Annie Ernaux is born in 1940, nineteen years before Jonathan Franzen. Two decades make a great difference for me, as decades in the twentieth century are so dense with events that they seems longer than in other centuries. Franzen writes about a world I can relate to and recognize because it is the USA from the 1960s onwards. Ernaux, when she recollects, writes about a world I can only imagine for having studied the history of France. The French dwell on the post war years, the ones they call the "Glorious Thirty Years". We are taken to a world that the Americans today aspire to create. A world of organic vegetables, fine cuisine, erudite learning,in a slow paced, refined village. A mechanized version of Proust's In Search of Lost Time.





In fact, that is the tone of most French novelists: they are always looking behind. Nostalgia drips in each sentence, no matter how critical they are of their past. Ernaux may scorn her parents but the environment of her childhood is glorified. She dwells on the smells, the tastes and the still lives that shape the interiors of her past.



Ernaux's criticism is plain harsh. In contrast, no place for hard or bitter feelings in Franzen. Americans are generally more happy-go-lucky. No humor in French novels, unless the novel is intended for school children like "Le Petit Nicolas" which is hilarious. I am one of the few to find humor in Michel Houellbecq's works. His erotica is so prevalent and exaggerated that it actually becomes comical.

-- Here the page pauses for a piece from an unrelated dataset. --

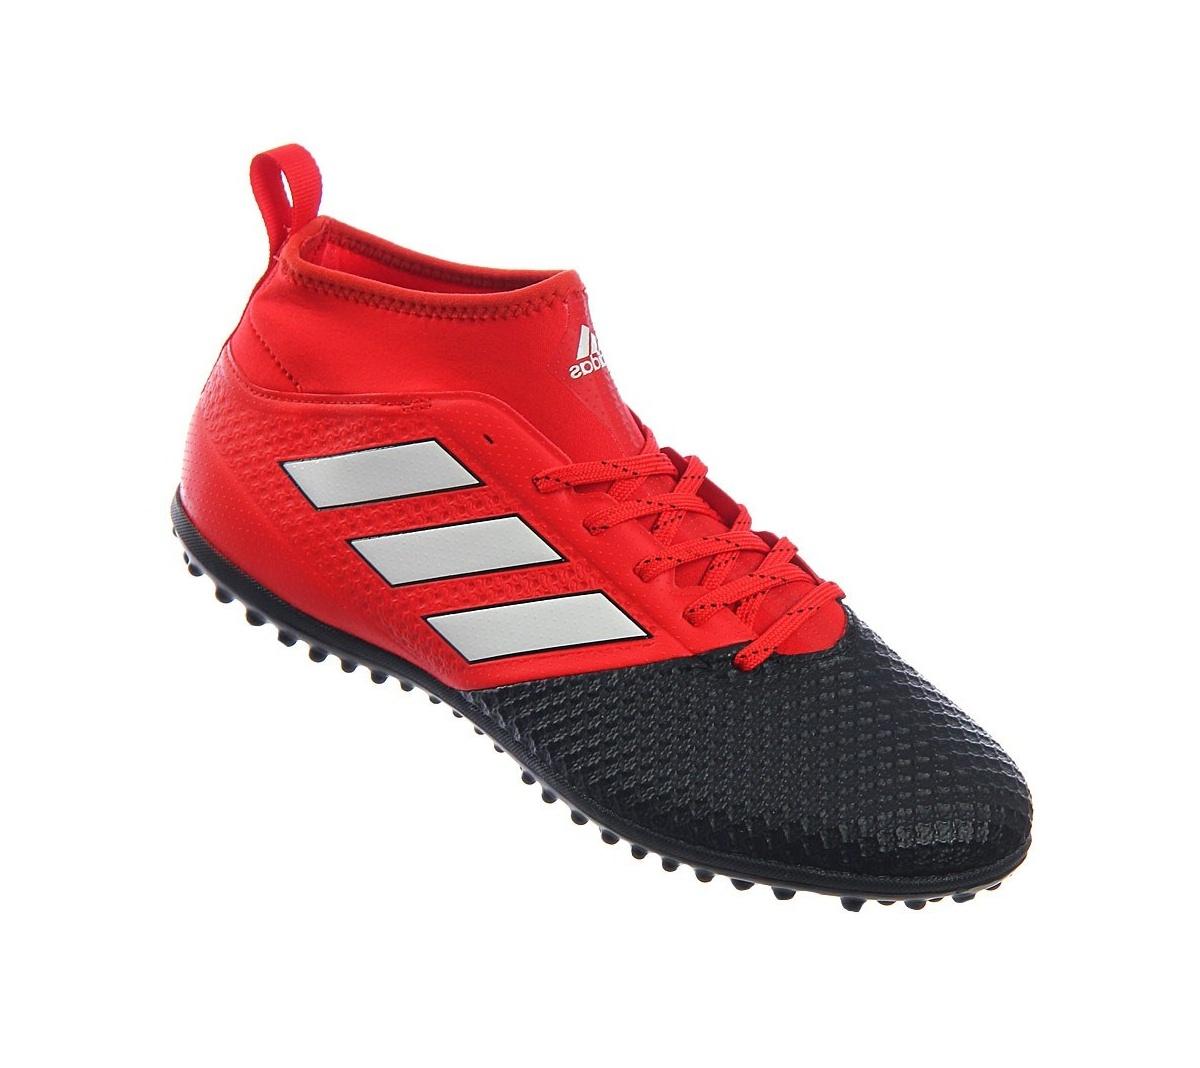 1063048b8869a Chuteira Adidas Ace 17.3 PRIMEMESH Society Chuteira Adidas Ace 17.3  PRIMEMESH Society ...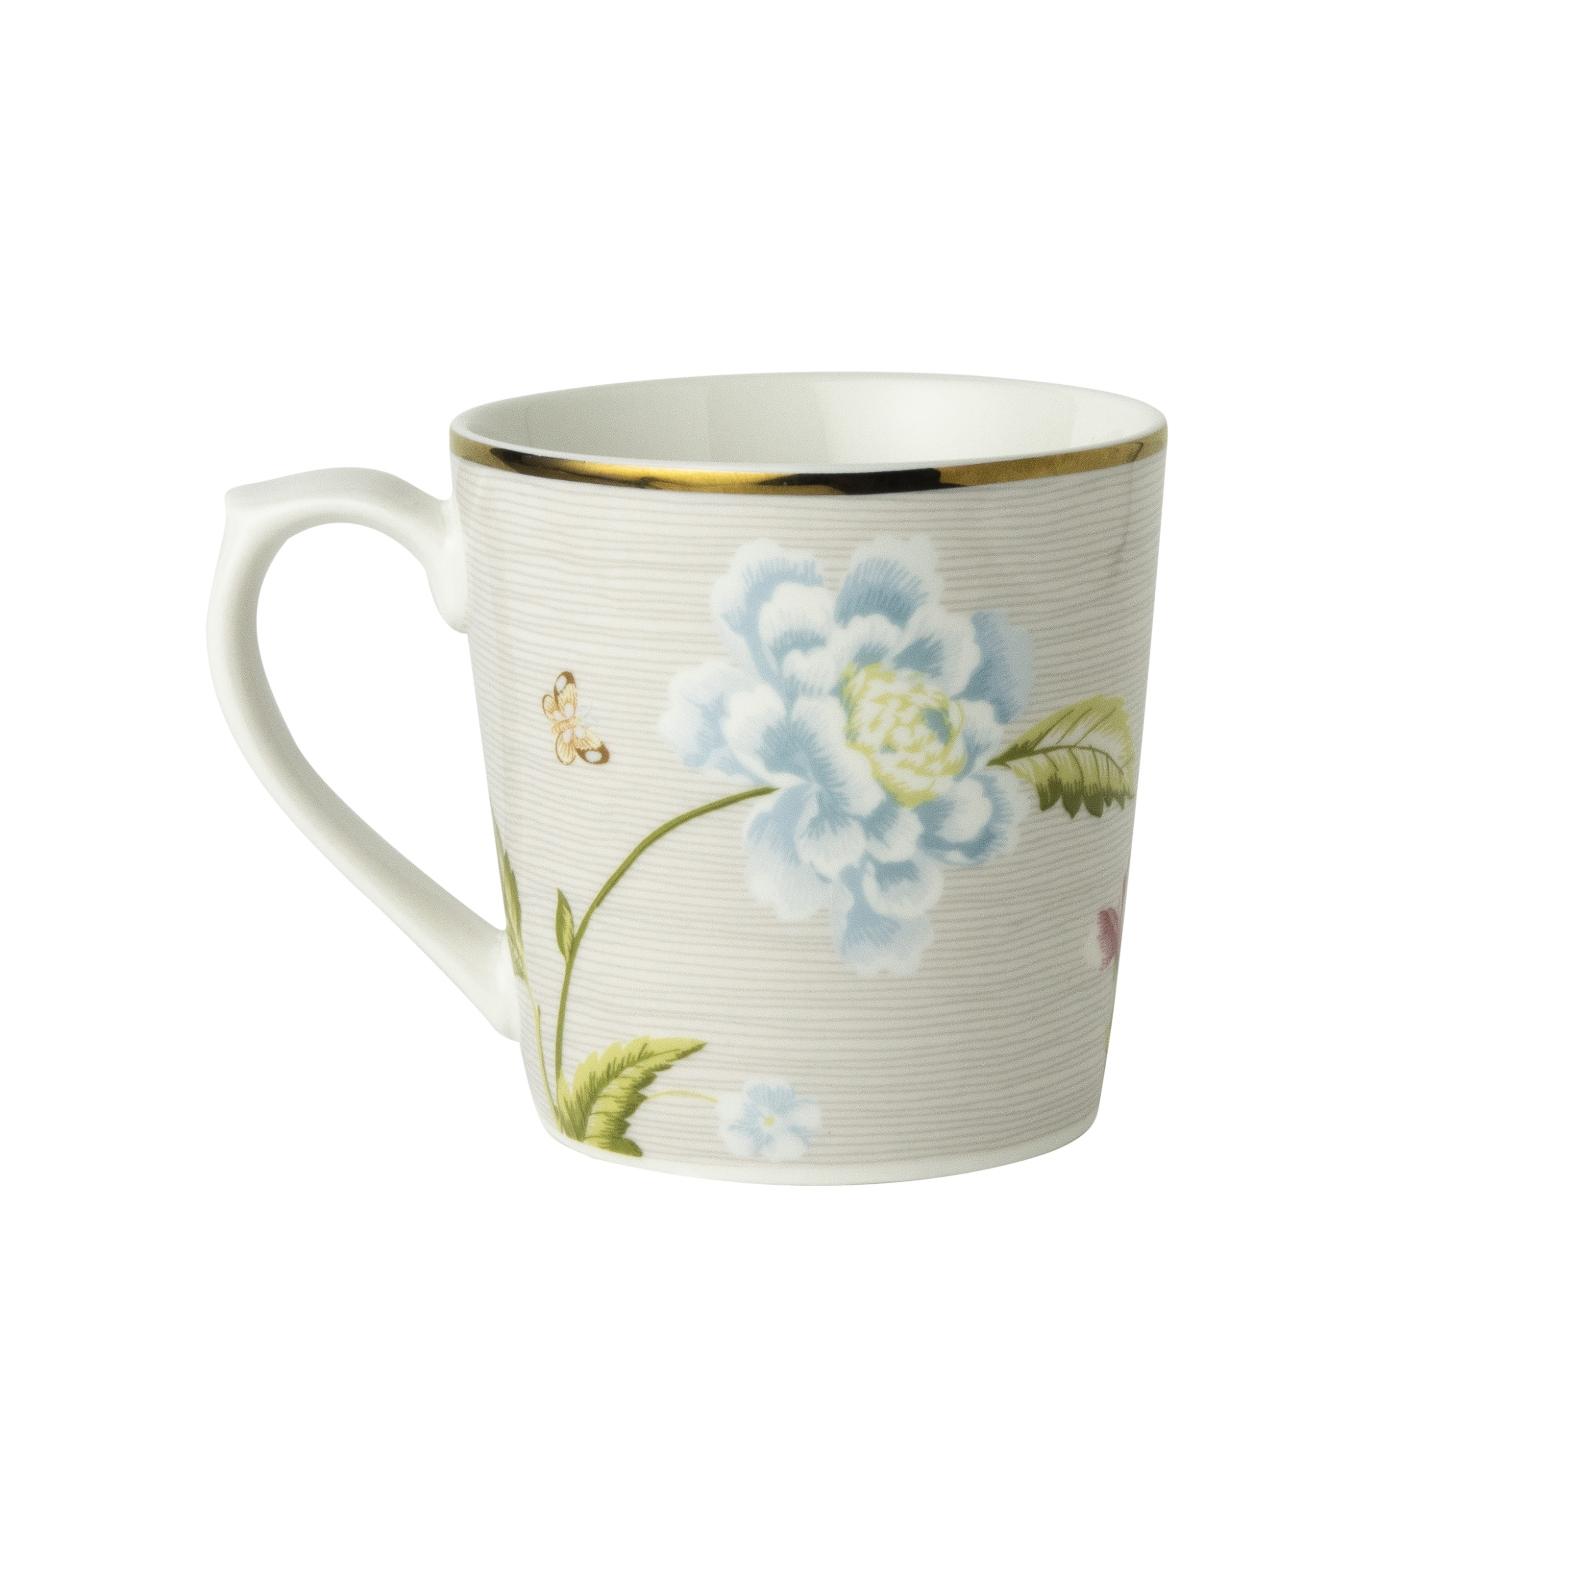 "Онлайн каталог PROMENU: Кружка ""Цветы"" Laura Ashley HERITAGE, объем 0,35 л, серый с цветами                                   180512"

Dear sister, I do concede: Franzen rocks! No French contemporary writer has created a world that draws you in, the way his does. I am struggling with the cadence of this other French novel and am trying to travel from one cultural paradigm to another with minimized turbulence and attenuated cultural shock.



1 comment:

  1. So now the blogger is following a new reading calender:BF and AF.I have reached the 34th page in Freedom and I am saying enough is enough:I can not be tortured anymore,afterall I am neither her poor husband nor one of her children or siblings.The "Chinese Mom" has to be stopped on her heels,before a "Jasmine Revolution" takes place in her family.